The voltage independence of verapamil block previously found in this preparation (Trequattrini et al., 1998), and the present observation that the binding site is located within the membrane electric field would indicate that verapamil blocks IK(DR) in chick DRG neurons in the uncharged form. Taking advantage that verapamil is a weak base (pKa=8.6), and its charged fraction depends on the pH, we confirmed this conclusion by showing that increasing charged verapamil concentration at the binding site by more than 20 fold did not produce significant changes in the block rate as expected if the charged verapamil were the active form (data not shown). This was done by lowering the internal pH from 7.3–6.0, while keeping external pH constant. At the new pH, the corresponding ratio charged/neutral verapamil is ca. 400/1 (compared to ca. 20/1 at pH 7.3). Charged verapamil inside the cell following external application of 100 μM verapamil must increase from 95–2,000 μM, to keep the neutral form (5 μM) in equilibrium with outside.

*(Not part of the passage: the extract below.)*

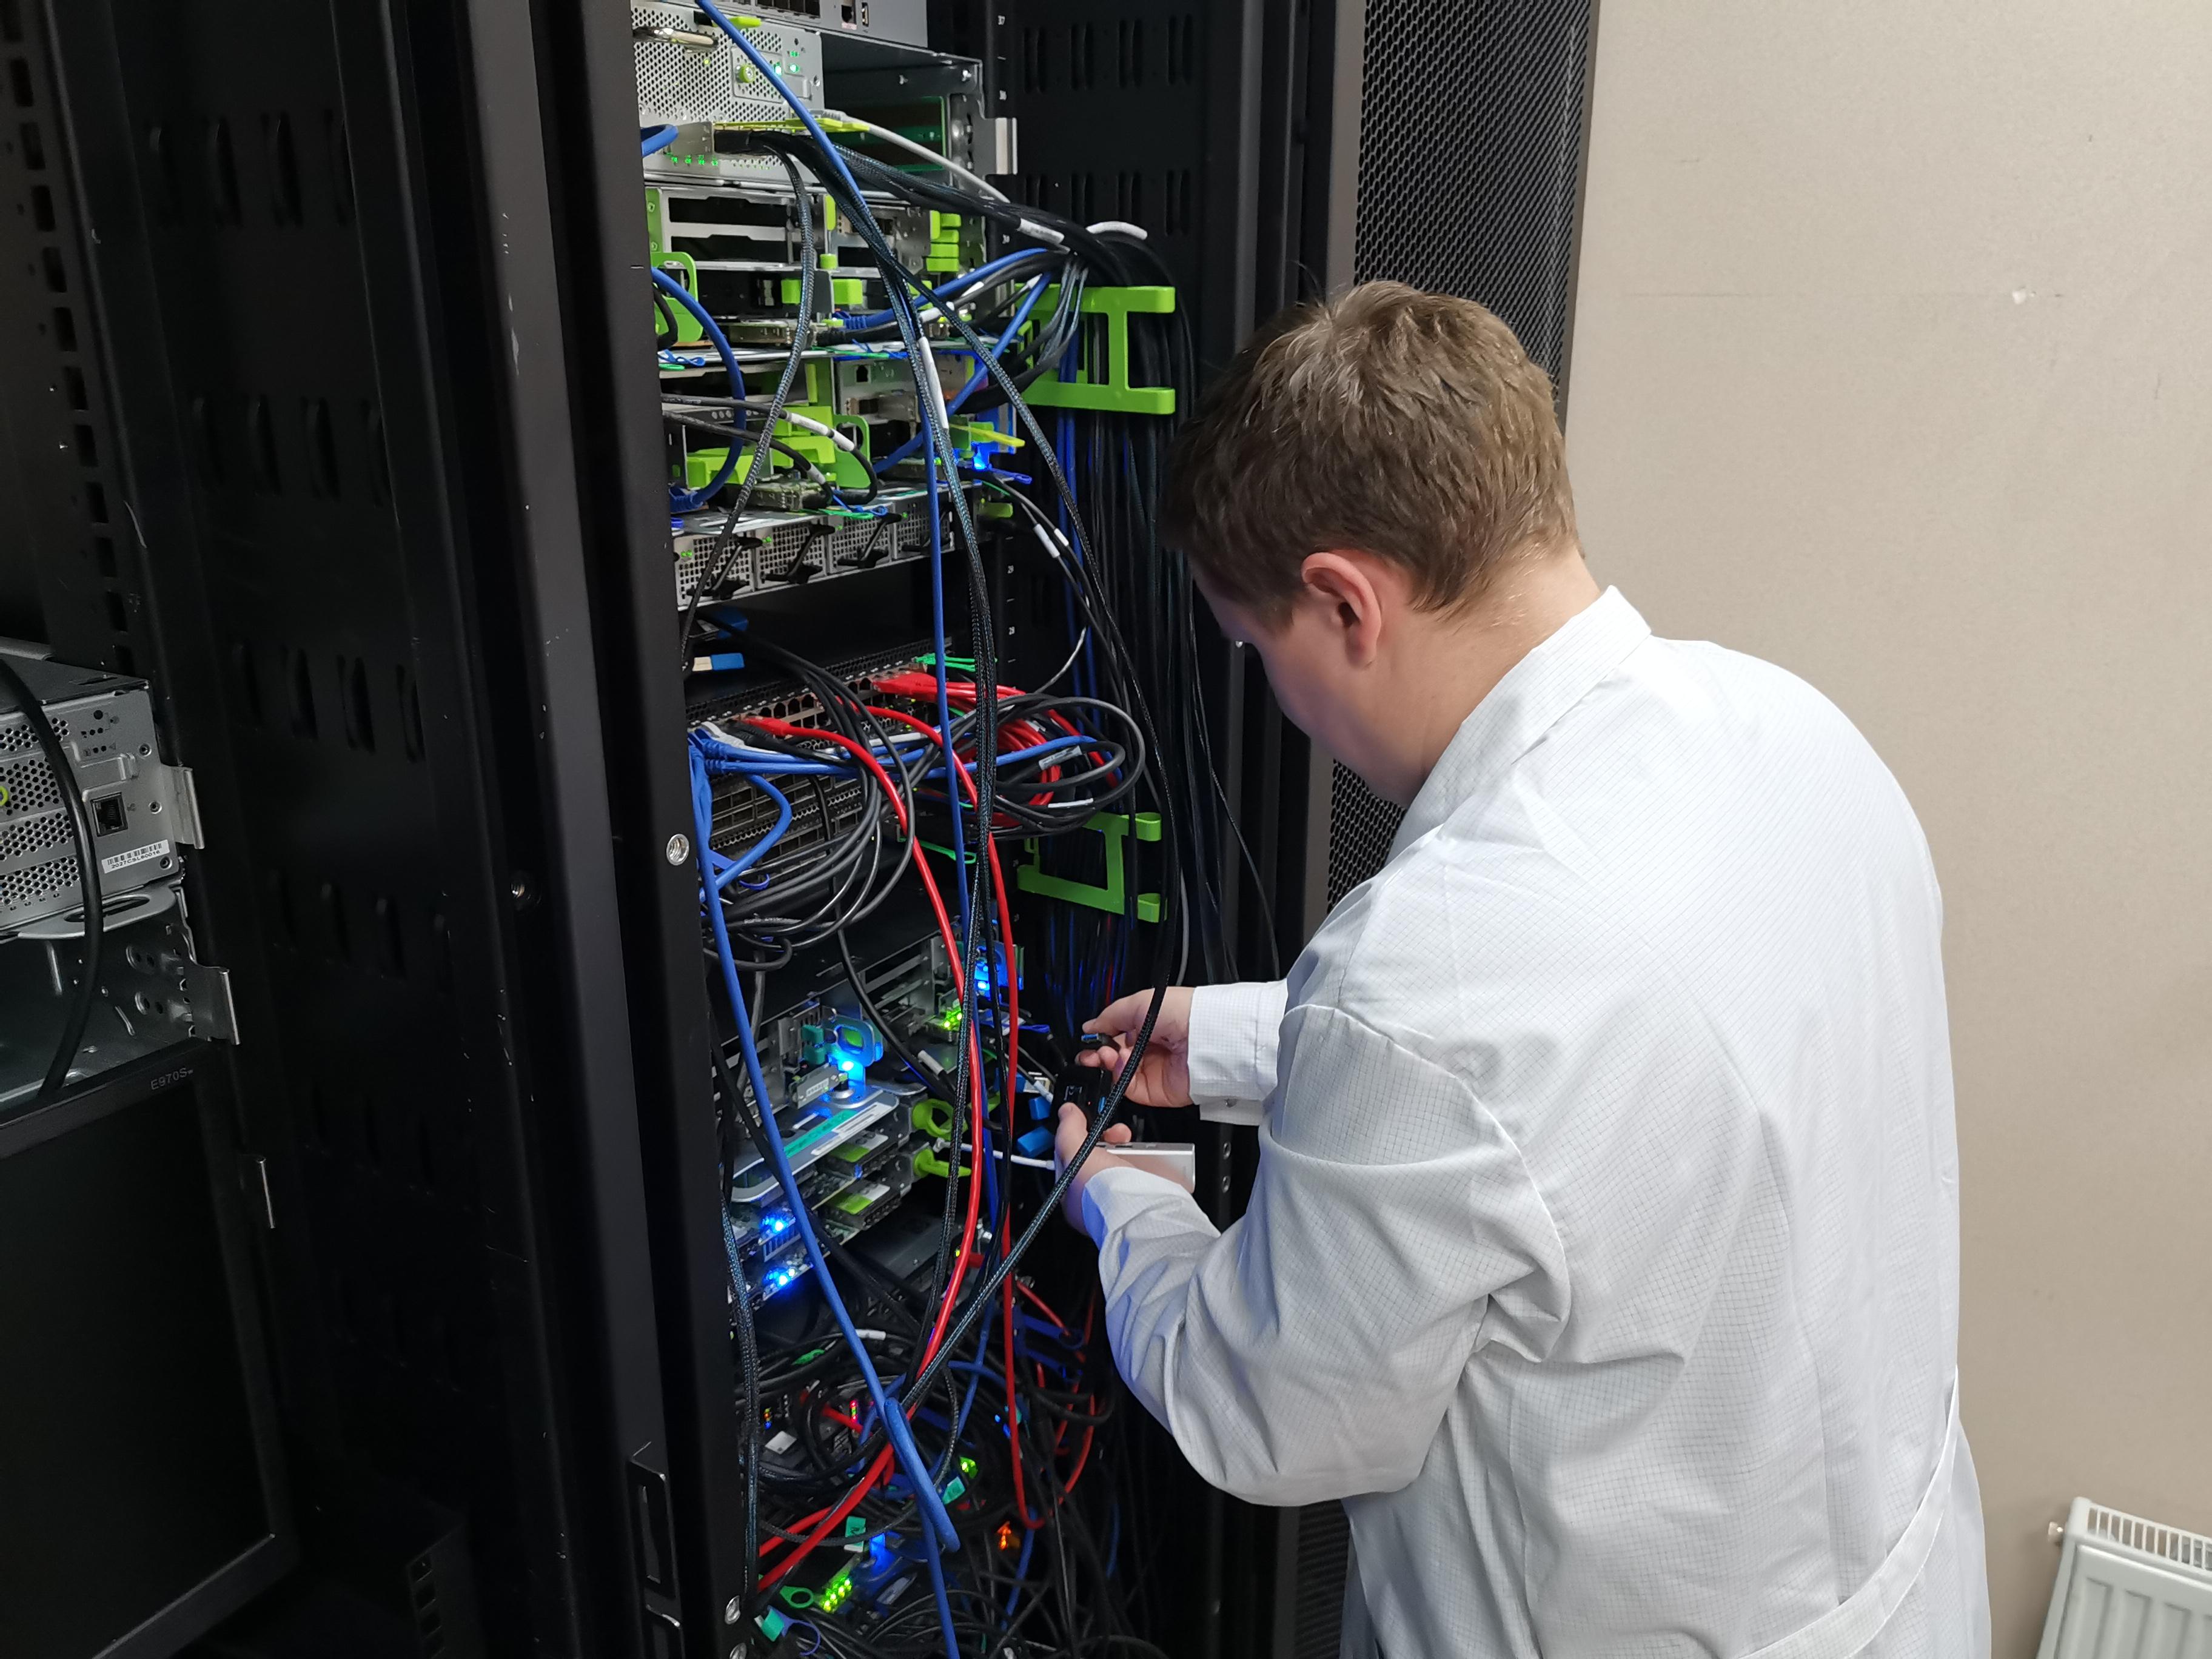 Монтаж очередного сервера в стойку

Verapamil and TEA inhibitions are competitive
TEA block of IK(DR) has been investigated in great detail in terms of mechanism of action (for review see Stanfield, 1983; Hille, 1992), and binding site structure (MacKinnon & Yellen, 1990; Choi et al., 1993). Like verapamil, TEA is an open channel blocker which accesses its binding site from the cytoplasmic face of the membrane in a voltage dependent manner. These similarities led us to test whether verapamil and TEA block display competitive antagonism. Competition for the binding site by the two open channel blockers, or for distinct binding sites allosterically coupled in such a way that binding of either blocker precludes the binding of the other can be described by the following kinetic scheme
where O is the open state, O·Bver and O.BTEA are respectively the verapamil and TEA blocked states. kon is the on rate for verapamil. Because the steady state block by verapamil is nearly complete (at the concentrations used in the experiment), the unblock rate for verapamil can be neglected. At the highly depolarized voltages used activation is virtually complete and much faster than the rate of verapamil block so that the two processes can be examined separately. Given that TEA on and off rates are much faster than that of verapamil, the kinetic scheme above predicts that the apparent on rate of verapamil block, *kon(ver), will be slowed by the same factor by which the current is reduced. In other words *kon(ver)=kon(ver)·(ITEA/Ictrl).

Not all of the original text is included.